🤖 AI Summary
This work addresses the insufficient modeling of target time-frequency (TF) units in single-channel real-time speech enhancement. We propose HDF-Net, a two-level hierarchical deep filtering framework. Methodologically, it introduces a novel time–frequency decoupled two-stage deep filtering mechanism; incorporates a lightweight TAConv module to enhance local TF feature extraction; and employs a hierarchical network architecture to jointly model target TF bins and their contextual neighborhoods. Compared with state-of-the-art methods, HDF-Net achieves significant improvements in DNSMOS, STOI, and PESQ scores, yielding superior speech quality and intelligibility. Moreover, it reduces model parameters by 32% and computational cost by 27%, achieving an optimal trade-off between performance and latency—making it well-suited for edge-device deployment in real-time applications.
📝 Abstract
This paper proposes a model that integrates sub-band processing and deep filtering to fully exploit information from the target time-frequency (TF) bin and its surrounding TF bins for single-channel speech enhancement. The sub-band module captures surrounding frequency bin information at the input, while the deep filtering module applies filtering at the output to both the target TF bin and its surrounding TF bins.
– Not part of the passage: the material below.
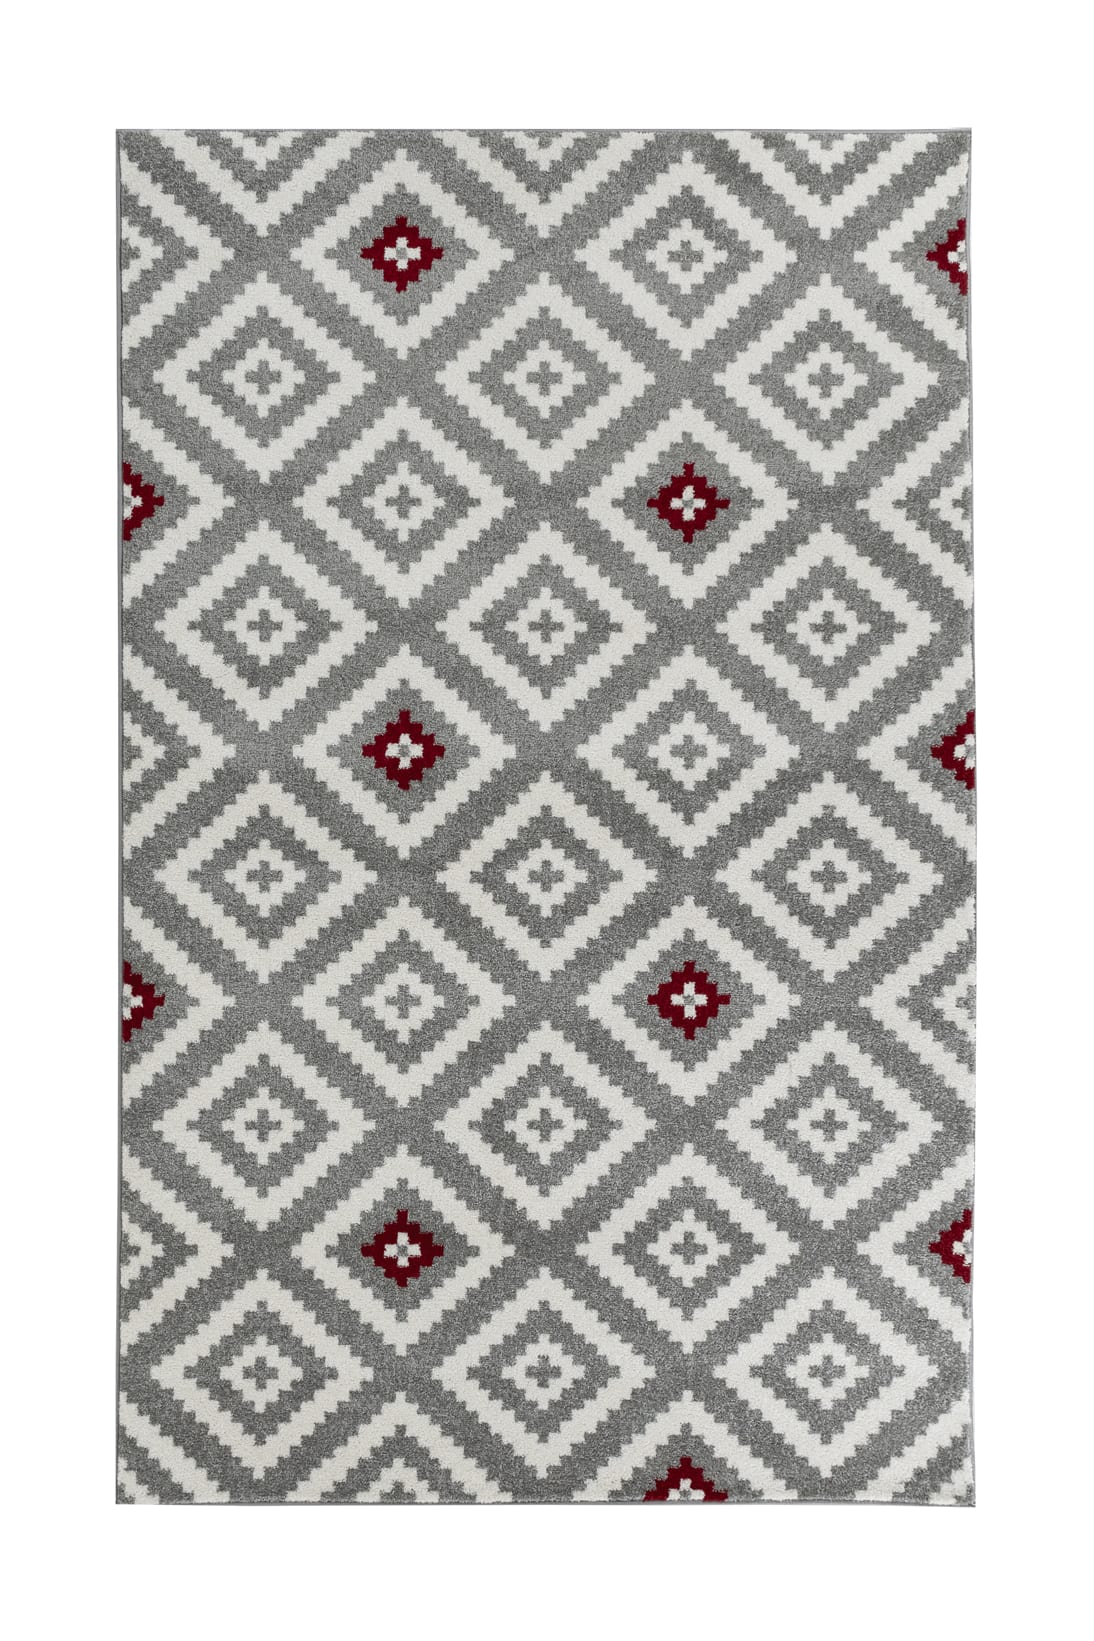 Tapis salon motif géométrique rouge - 120x160

To further improve the model performance, we decouple deep filtering into temporal and frequency components and introduce a two-stage framework, reducing the complexity of filter coefficient prediction at each stage. Additionally, we propose the TAConv module to strengthen convolutional feature extraction. Experimental results demonstrate that the proposed hierarchical deep filtering network (HDF-Net) effectively utilizes surrounding TF bin information and outperforms other advanced systems while using fewer resources.